I'm trying to take a number and divide it by 100 to get 1%, but when i tried to convert it to integer using the int(), it's giving me some weird output. i have no clue what i'm doing wrong here.

totalsupply = 1000000000000000000000000000000
onepercent = int((totalsupply/100))

print(totalsupply)
print(onepercent)

the output is coming out as such:

1000000000000000000000000000000
9999999999999999583119736832
[Finished in 68ms]

I was expecting the onepercent to be this: 10000000000000000000000000000.

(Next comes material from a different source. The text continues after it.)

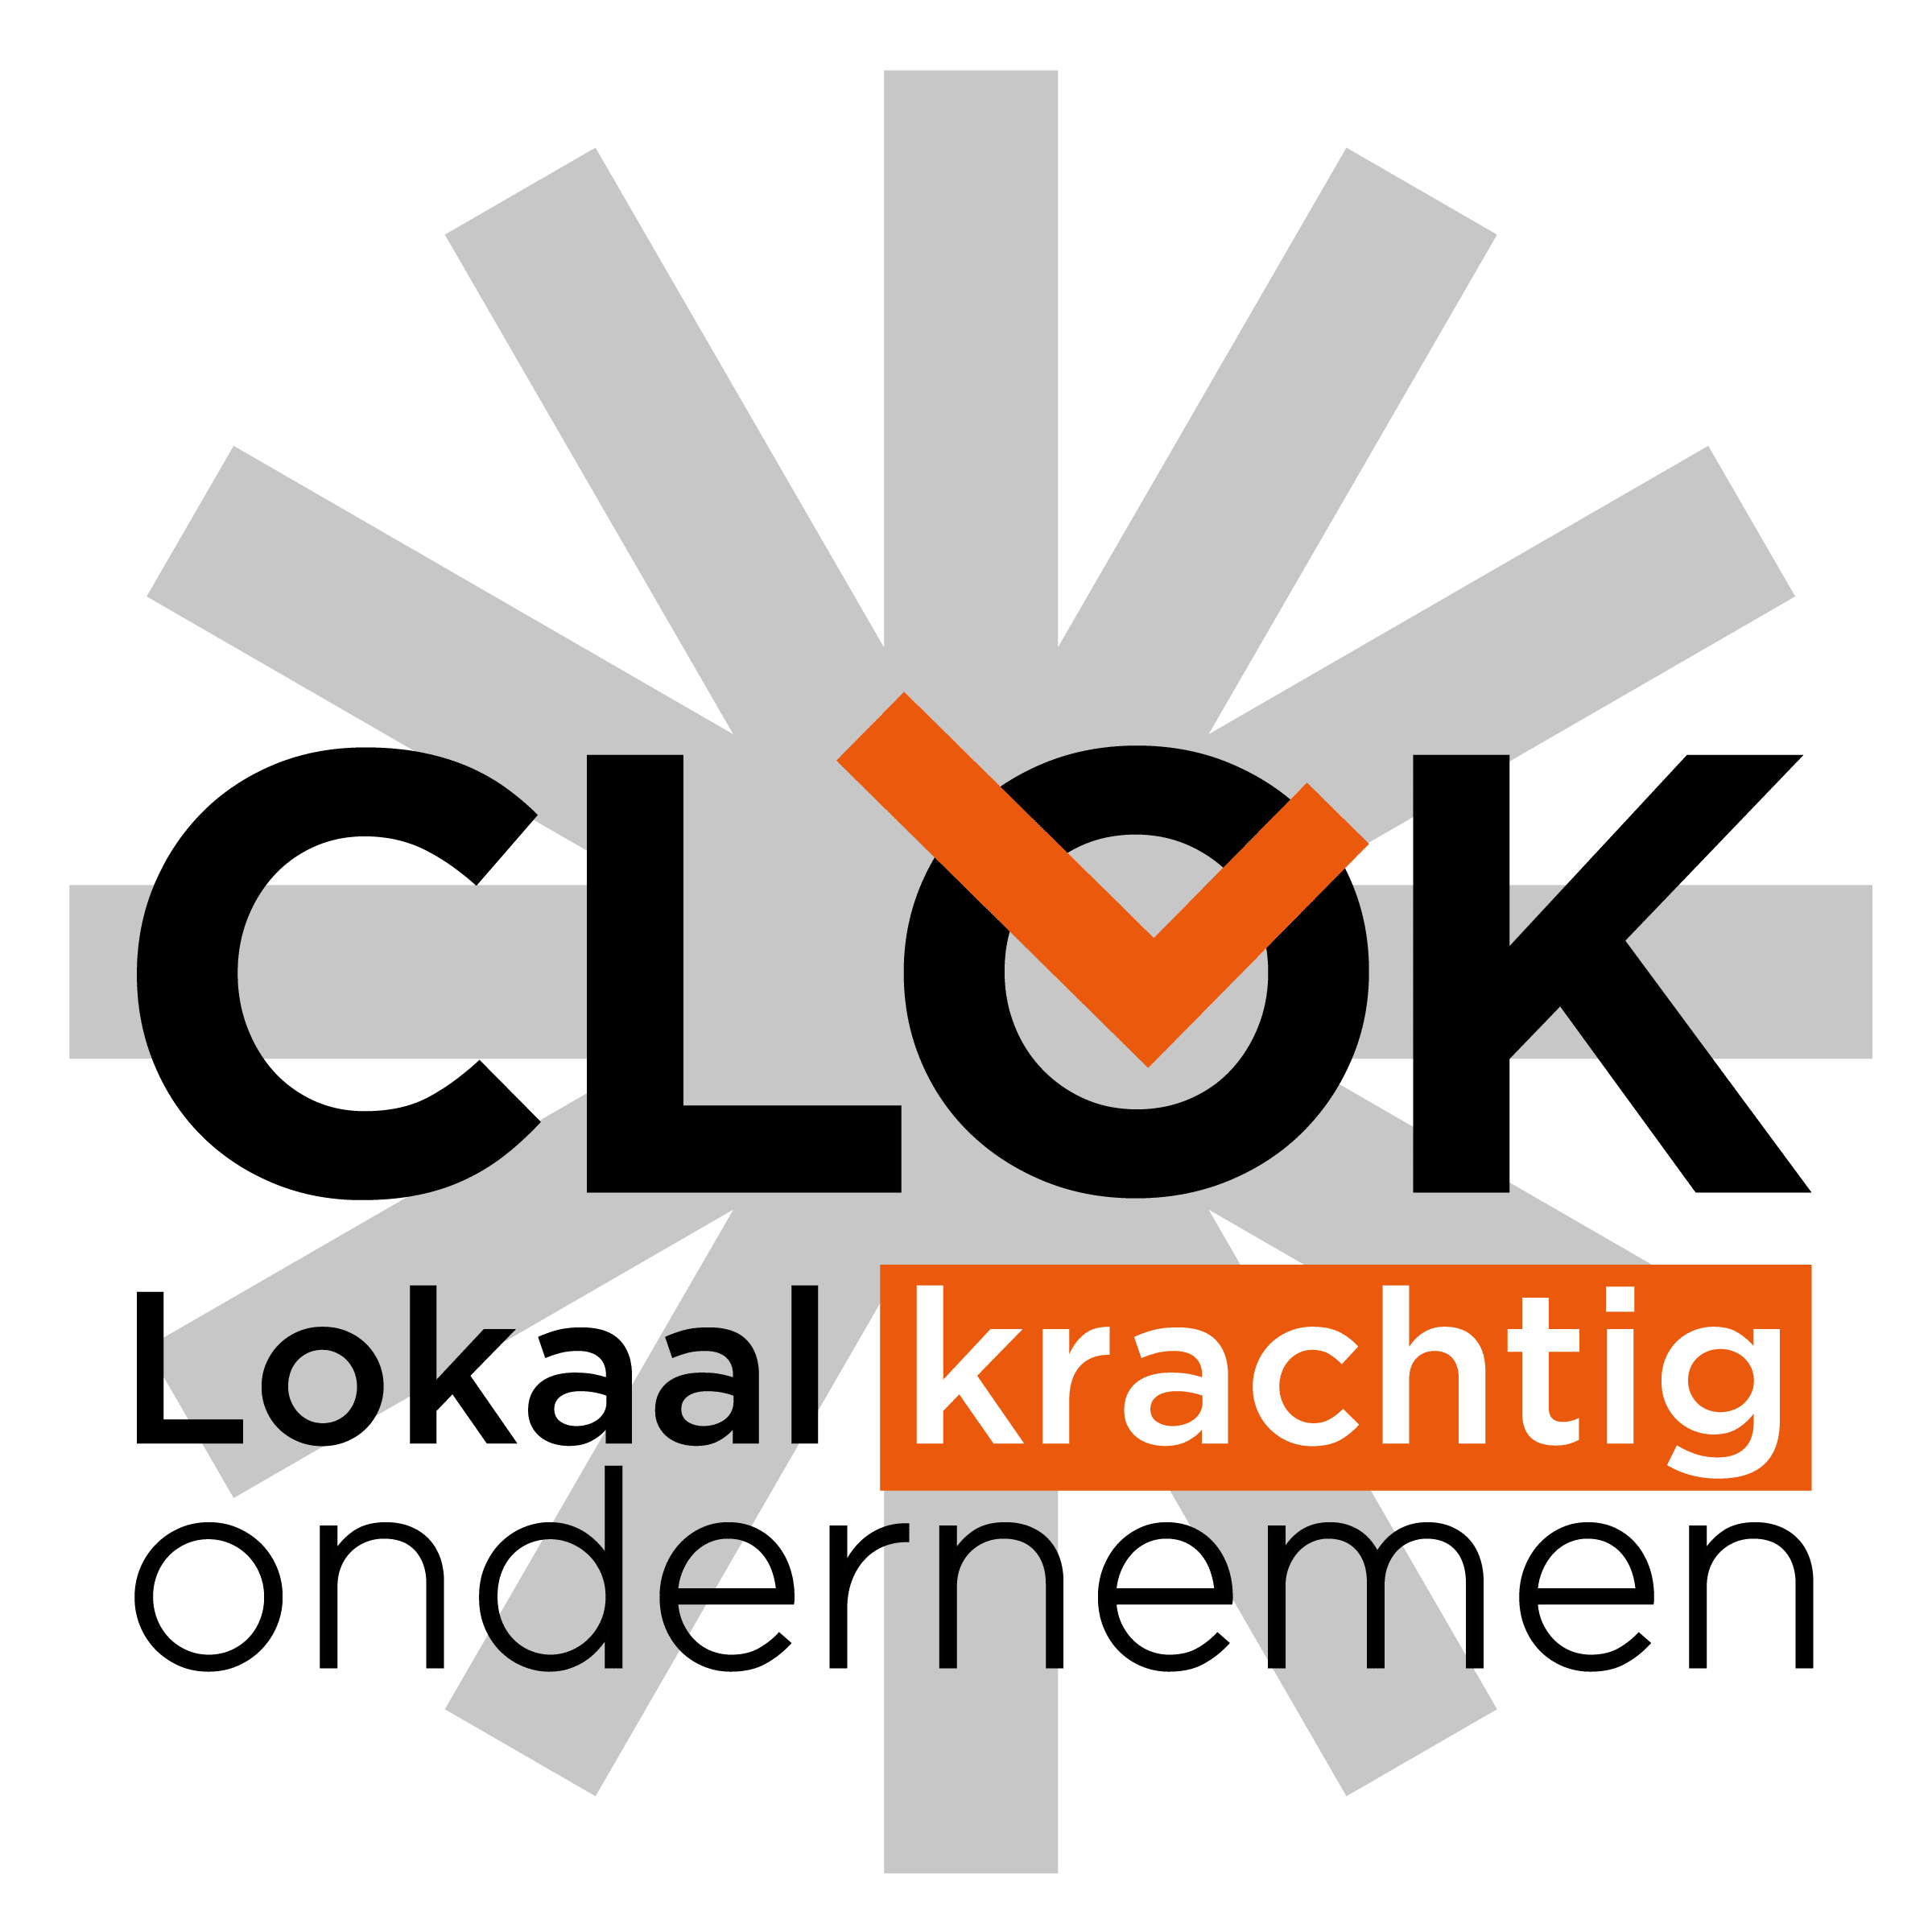 Logo Clok (lokaal krachtig ondernemen)

CodePudding user response:

According to this post, python tries to convert the number to a float on a division. However, floats are limited to 1.7976931348623157e 308. A workaround is to use the // operator which returns an int from the division, so for your example:

totalsupply = 1000000000000000000000000000000
onepercent = totalsupply//100

print(totalsupply)
print(onepercent)

CodePudding user response:

Python has a built-in integer type that has infinite precision. That's what you are creating with your first line

 totalsupply = 1000000000000000000000000000000

However, python has two division operators. The standard division "slash" operator ("/") is floating-point operation, whereas the double-slash gives integers.

Hence totalsupply/100 is a floating point number, which has finite precision, and so the closest it can do is 9999999999999999583119736832.

However, if instead you do

onepercent = totalsupply//100
print(onepercent)

you get the expected 100000000000000000000000000000.